Bericht Nr. 029 (14.12.2012): Das letzte Jahr in China?

Die Zeit vergeht unheimlich schnell und wir sind jetzt schon 2 Jahre und 2 Monate hier. Damit ist das letzte Jahr in China angebrochen. Aber ist es wirklich das letzte Jahr - ich weiss es nicht! Das haengt davon ab, wann und wo eine Nachfolgeverwendung fuer mich zur Verfugung steht. Die Entscheidung darueber habe also nicht ich, sondern sie faellt in Muenchen. Wir werden ja sehen.

Seit dem 8.11.12 fand in Beijing der Parteitag der kommunistischen Partei statt, auf dem dann auch eine neue Regierung "gewaehlt" wurde. Wir bekamen davon hier praktisch nichts mit, was wir aber sehr wohl merkten ist, dass etwa zwei bis drei Wochen praktisch nichts mehr lief im Internet. Seitens der Behoerden wurde das Internet so stark gebremst od. gefiltert, dass wir praktisch keine oder nur sehr schlechte Verbindung zur Aussenwelt hatten. Isolierhaft!

Nun, was hat sich veraendert in den letzten beiden Jahren in Shenyang? Fast alles! Die Stadt ist durch die vielen Baeume, die gepflanzt wurden, sehr viel gruener geworden. Auch die Auswahl an Kaese ist in den Laeden deutlich groesser geworden, selbst einen deutschen Baecker haben wir seit Ostern - und der macht in den naechsten Wochen in unserer Nachbarschaft auch noch einen Laden auf, in dem er Wurst und Kaese verkauft! Da die gesamte Stadt eine einzige Grossbaustelle ist, hat sie auch ihr Gesicht veraendert. Wenn ich aus dem Fenster unserer Wohnung ueber den Fluss schaue, dann steht dort ein riesiges Meer an Hochhaeusern, soweit das Auge reicht.
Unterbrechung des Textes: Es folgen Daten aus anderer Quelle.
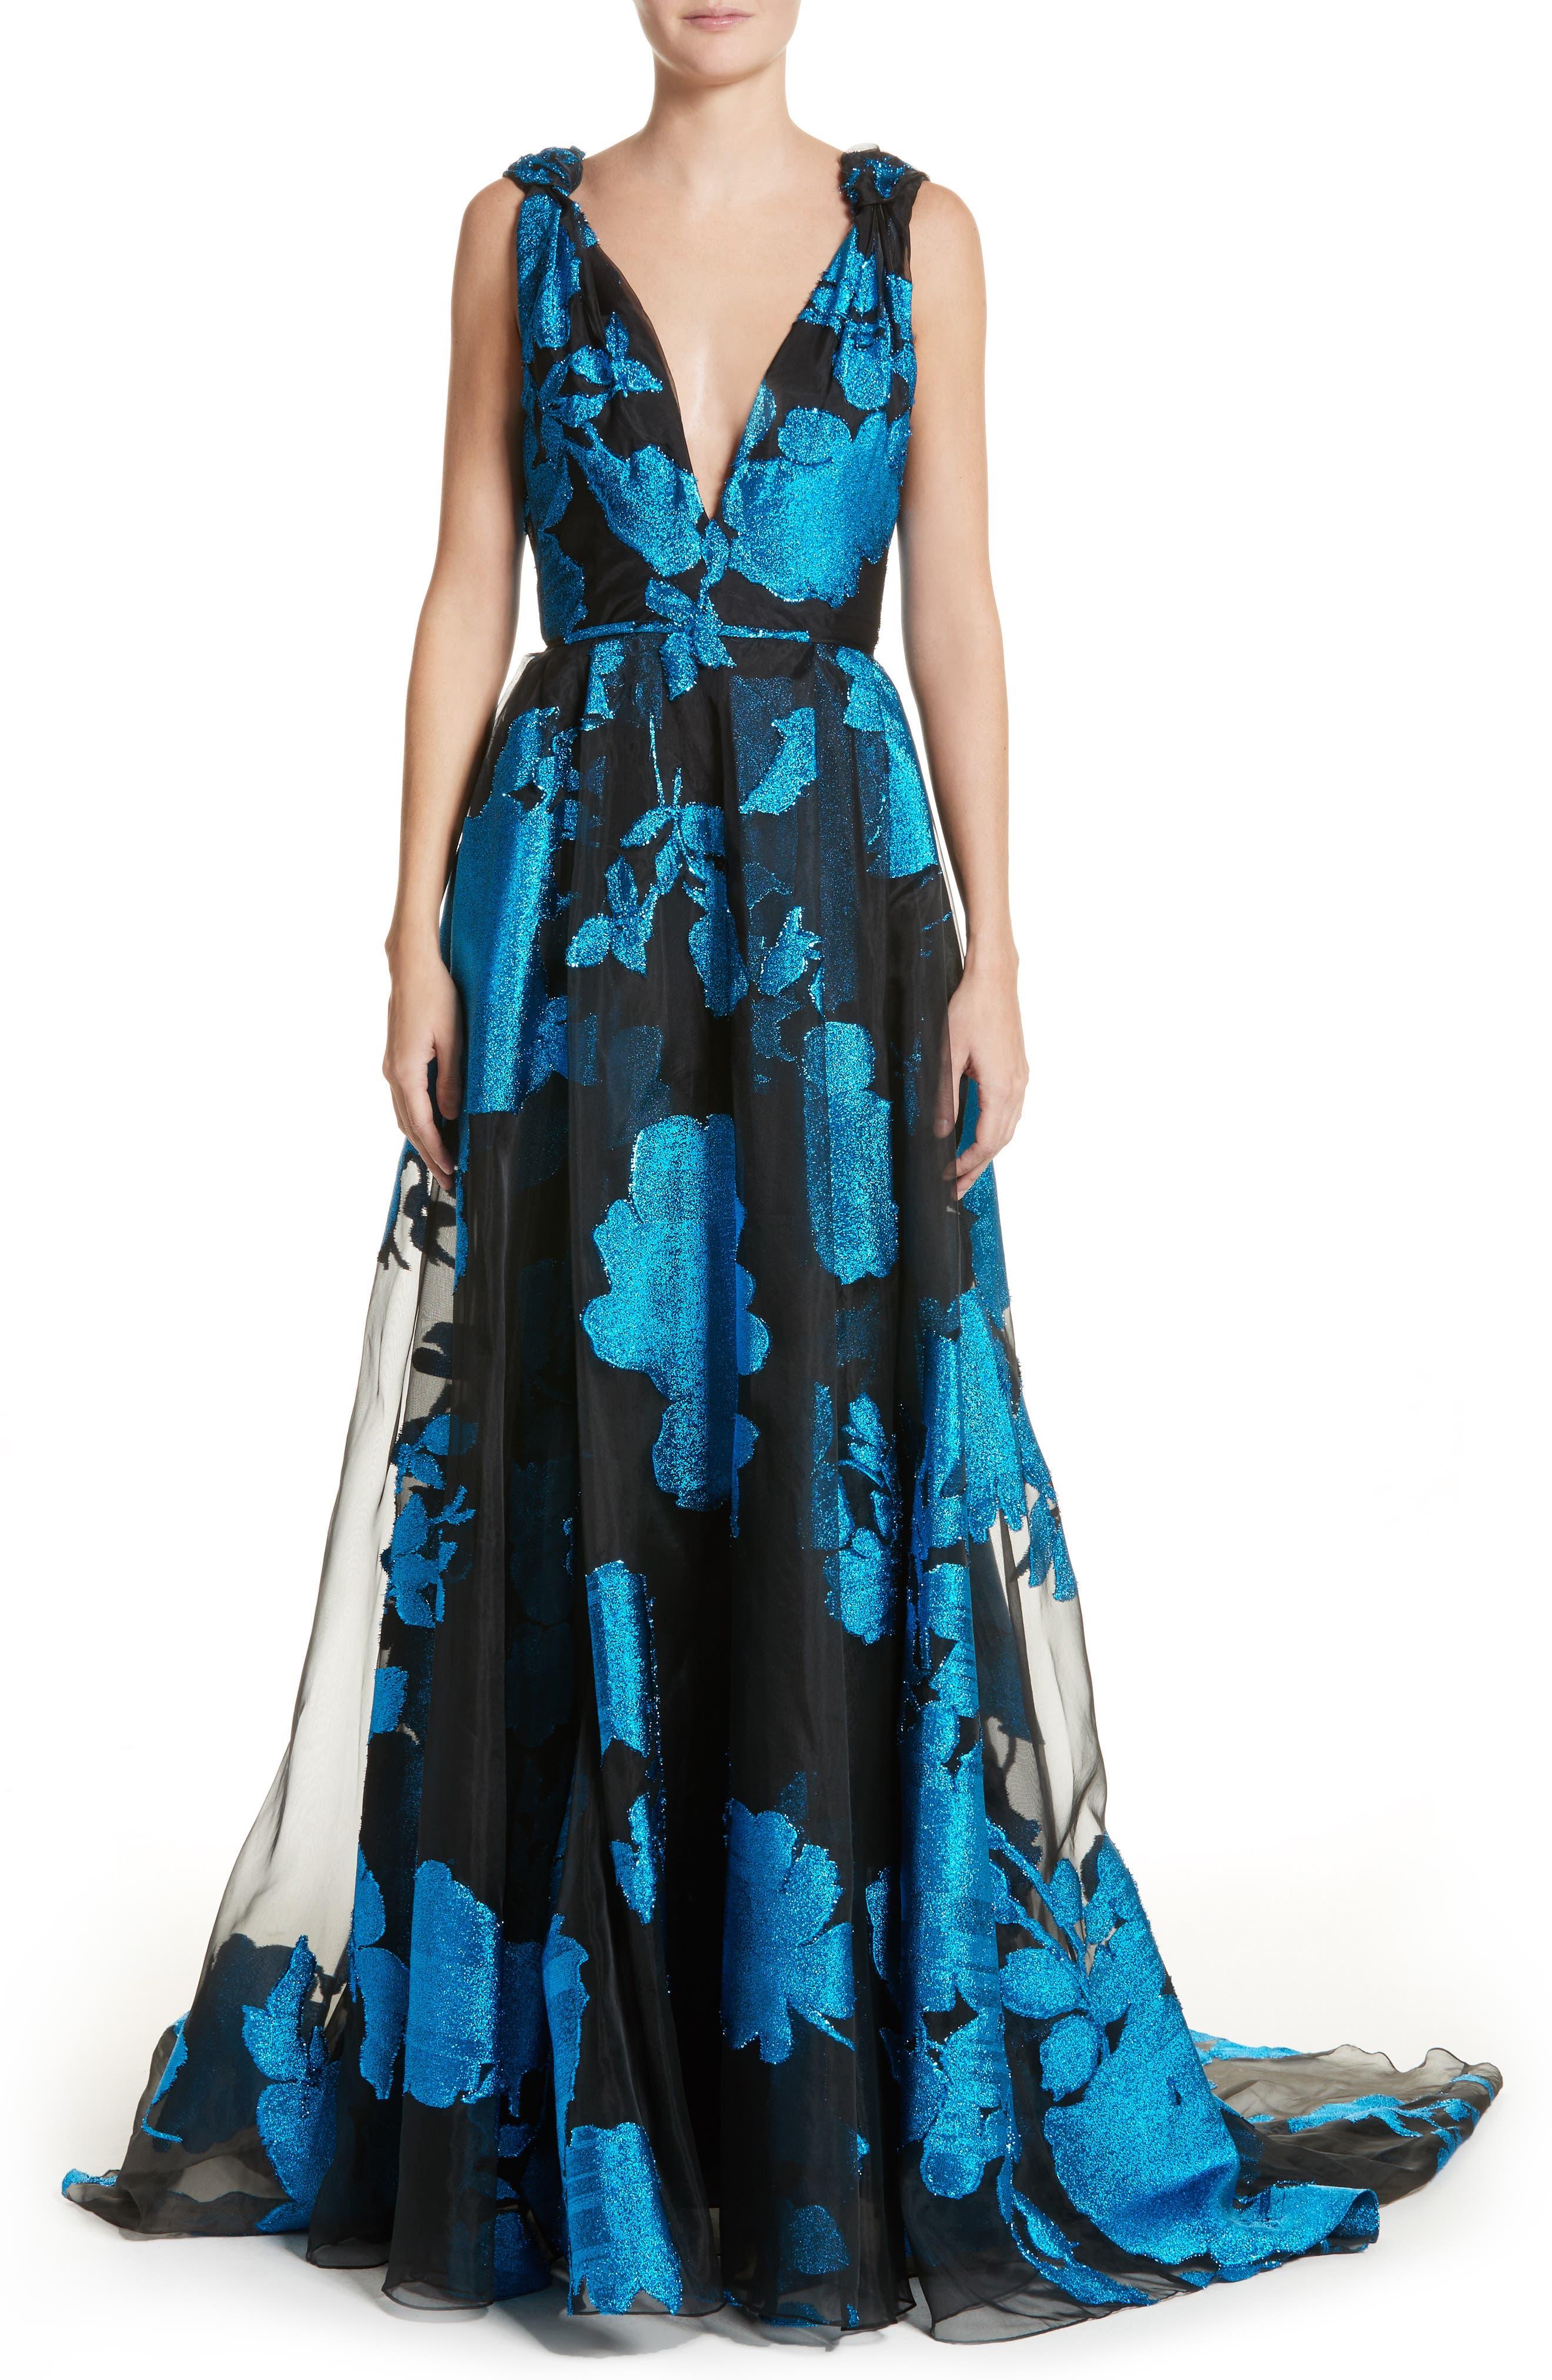 Carolina Herrera Metallic Floral Chiffon Gown

Ebenfalls veraendert hat sich, dass wir mit Englisch nun etwas weiter kommen in der Stadt als zuvor. In manchen Restaurants od. Laeden gibt es nun zumindest eine Bedienung, die ein paar Worte Englisch spricht. Selbst in der Obstboutique unseres Vertrauens verkauft uns der Sohn das Obst nun mit englischen Namen und traegt es uns zum "BI-Aem-Dabbelju". Als wir vor zwei Jahren zum Look and See Trip hier waren und am Flughafen nicht wussten, welchen Schalter wir brauchen, hat uns ein Bediensteter der Fluggesellschaft nach vielen Erklaerungen in Chinesisch einen Zettel mit chin. Schrift und einem bedeutungsvollen roten Stempel drauf uebergeben und uns an Schalter 9 verwiesen - der war dann natuerlich der voellig falsche. Kuerzlich war ich wieder dort, um wg. meinem Meilenaccount bei der China Southern was zu regeln und die Kommunikation klappte auf Englisch ganz hervorragend. Damit aber kein falscher Eindruck entsteht, wir sind natuerlich hier nach wie vor die Analphabeten und mit unserem Englisch und damit rel. hilflos - oder eben auf unsere Chinesischkenntnisse angewiesen. 

Das Leben hat sich insgesamt also deutlich vereinfacht hier. Liebe kuenftige Expats, wenn Ihr Euch ueber Shenyang informieren wollt, fragt nicht ehemalige, die vor mehr als drei Jahren hier waren, denn das Land und die Stadt Shenyang veraendern sich rasend schnell!

Was sich leider nach wie vor nicht veraendert hat ist der Verkehr - die ignorieren nach wie vor alle Verkehrsregeln, fahren bei Nachts ohne Licht, kommen einem auf der eigenen Fahrbahn entgegen (auch auf der Autobahn) und fahren einfach wie die Verrueckten.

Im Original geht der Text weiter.